··· Dataset section ···

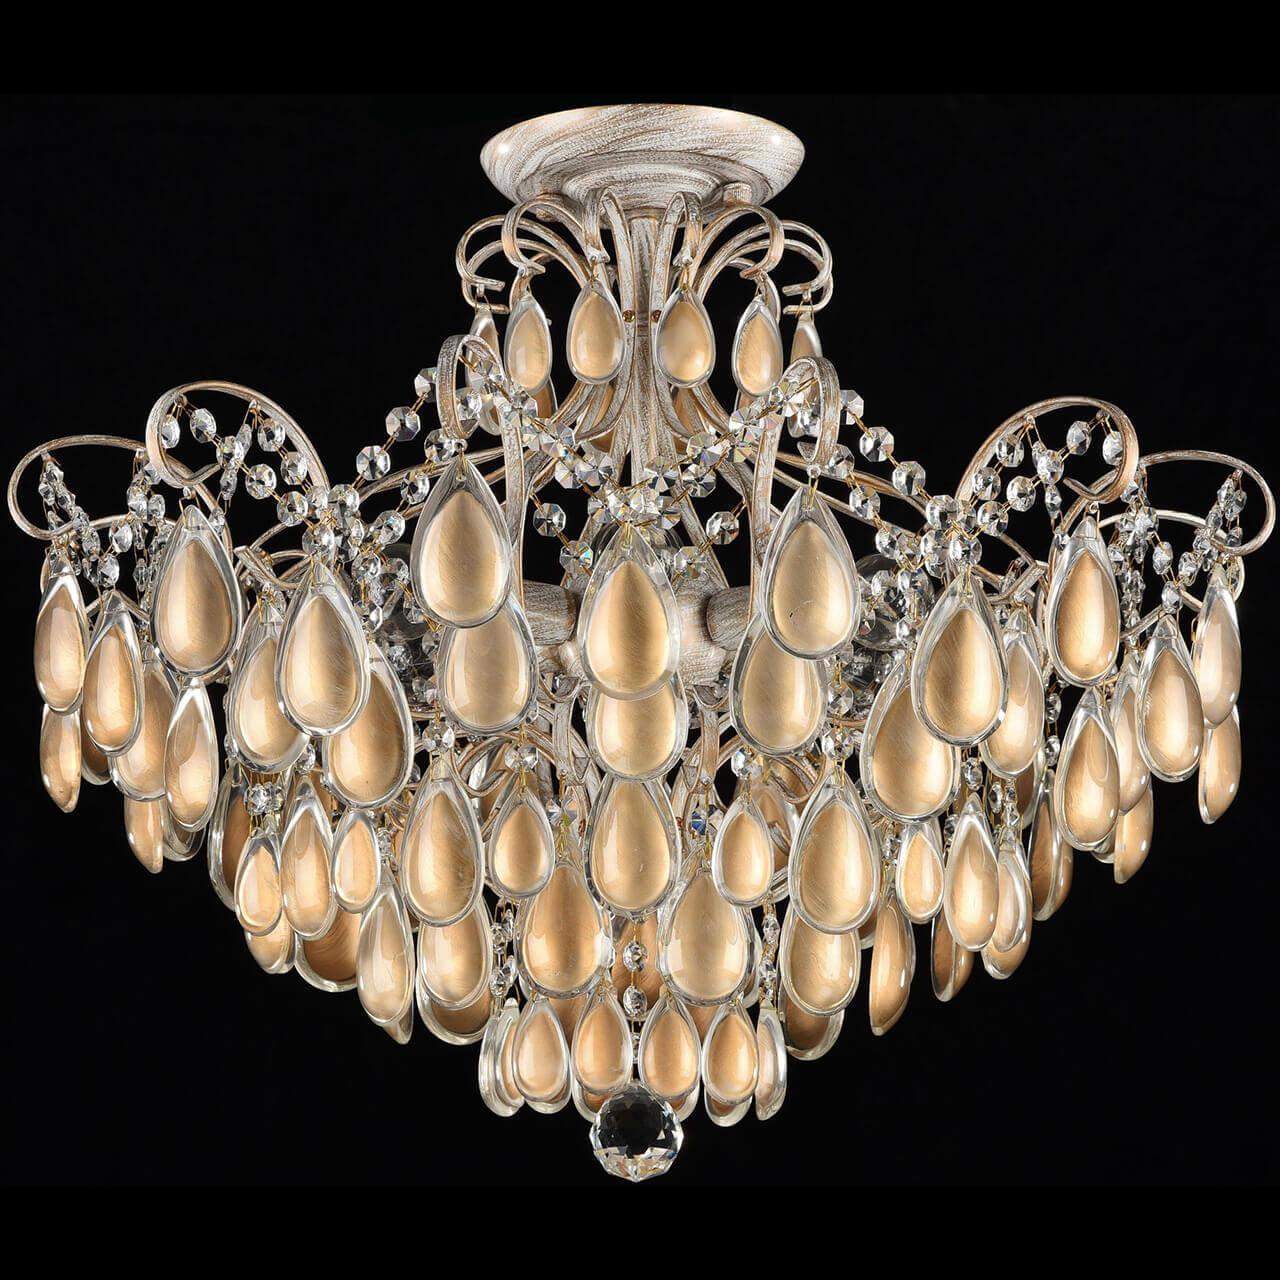 Потолочный светильник Freya FR2302-CL-06-WG, E14, 40 Вт потолочная люстра freya fr2302 cl 04 wg
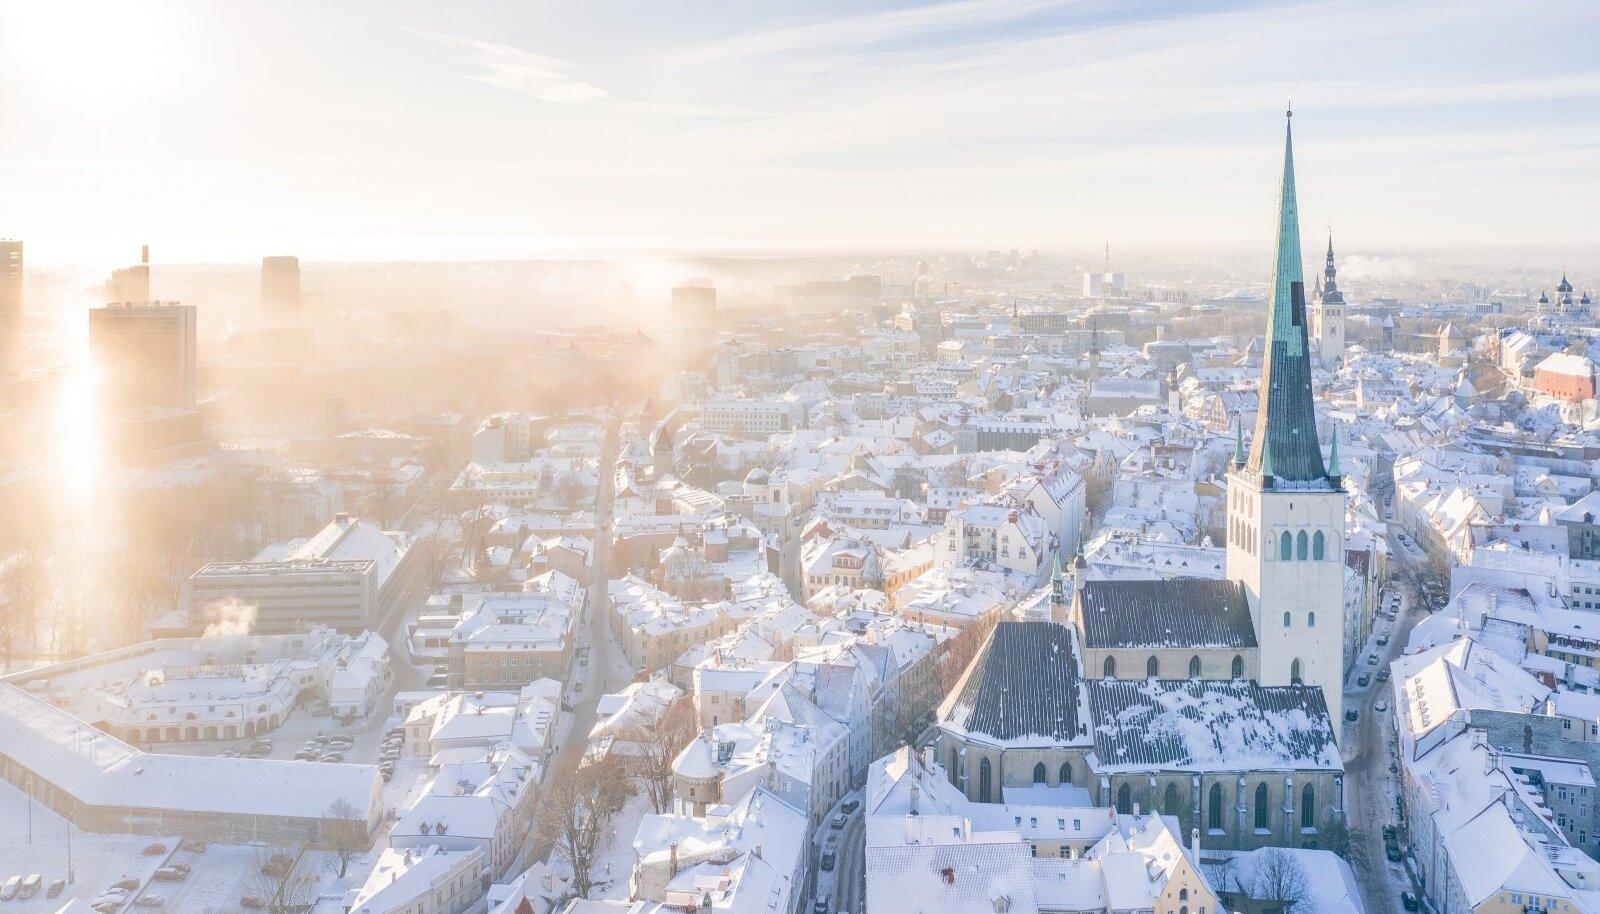 Pilt Tallinnast
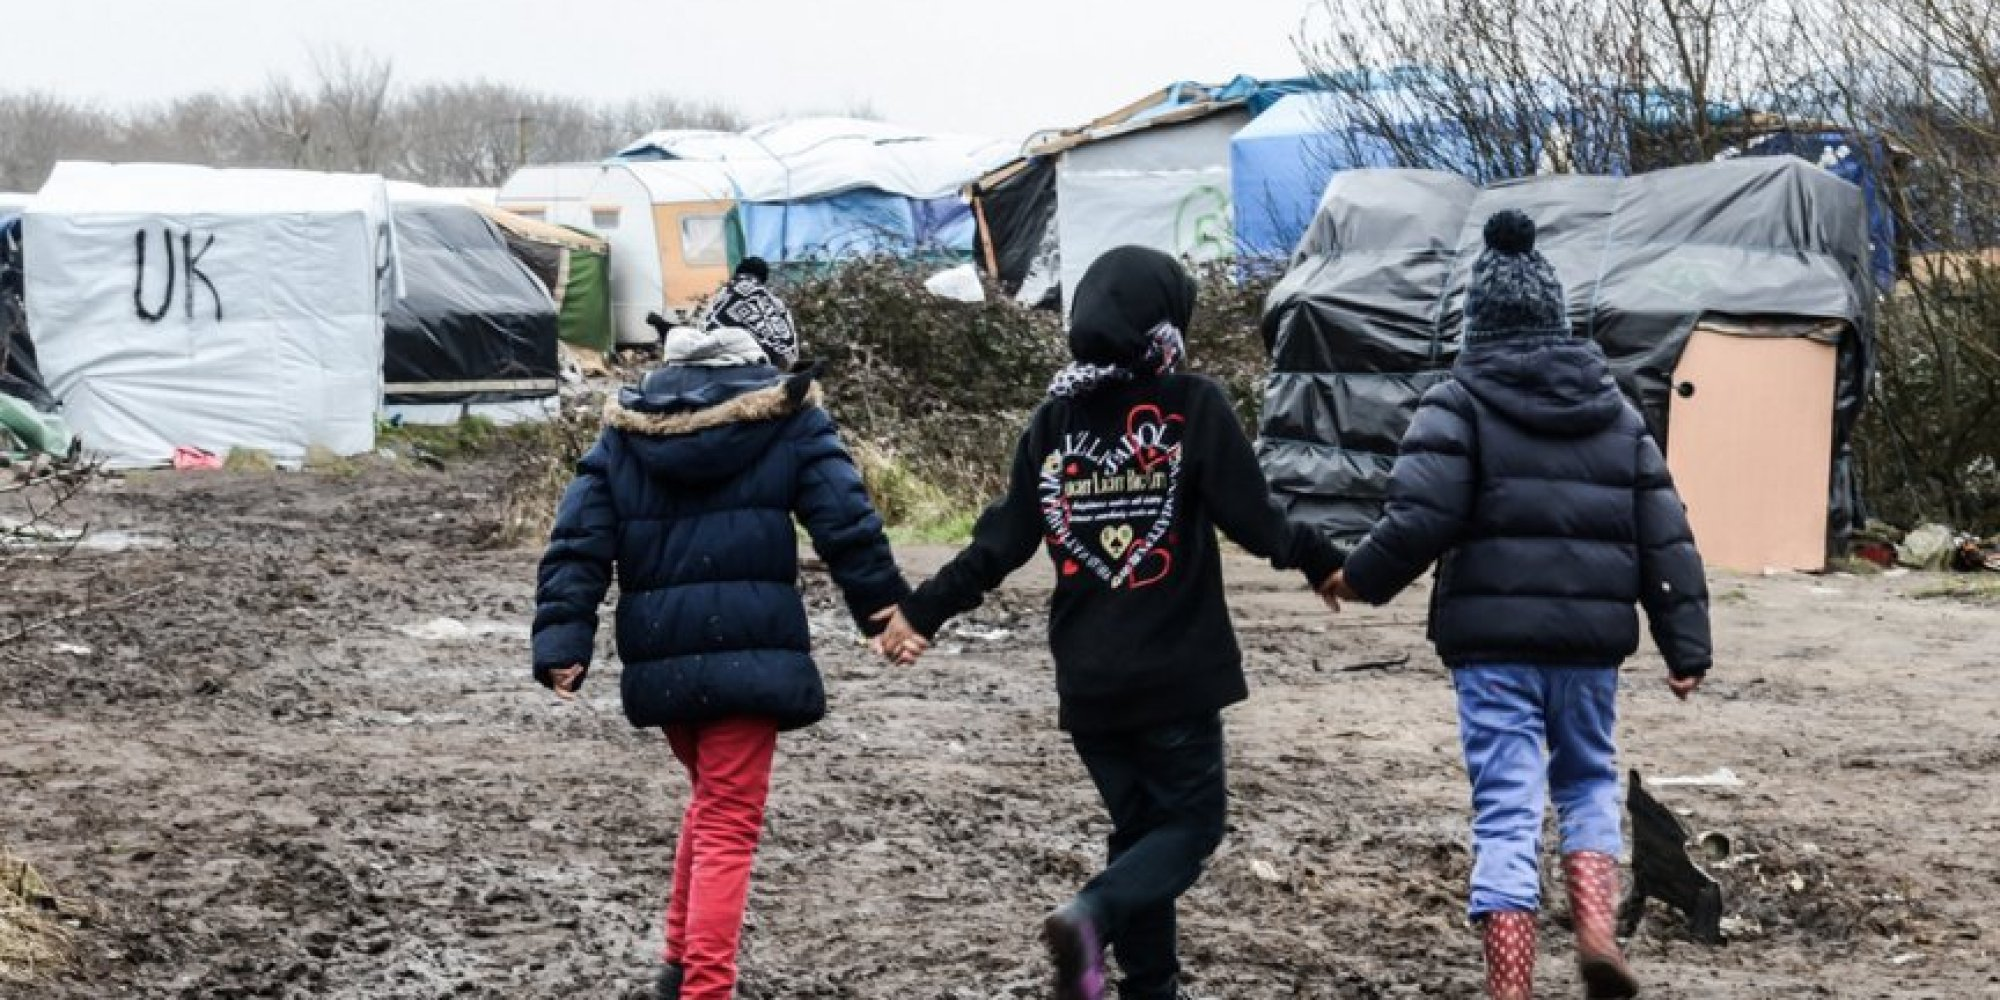 Calais_Sara_Prestianni_2016

···

* _The task_: Write the listing again exactly, duplicating every line and skipping the pictures.

* _Reply to the exercise_:
 Потолочный светильник Freya FR2302-CL-06-WG, E14, 40 Вт потолочная люстра freya fr2302 cl 04 wg
 Pilt Tallinnast
 Calais_Sara_Prestianni_2016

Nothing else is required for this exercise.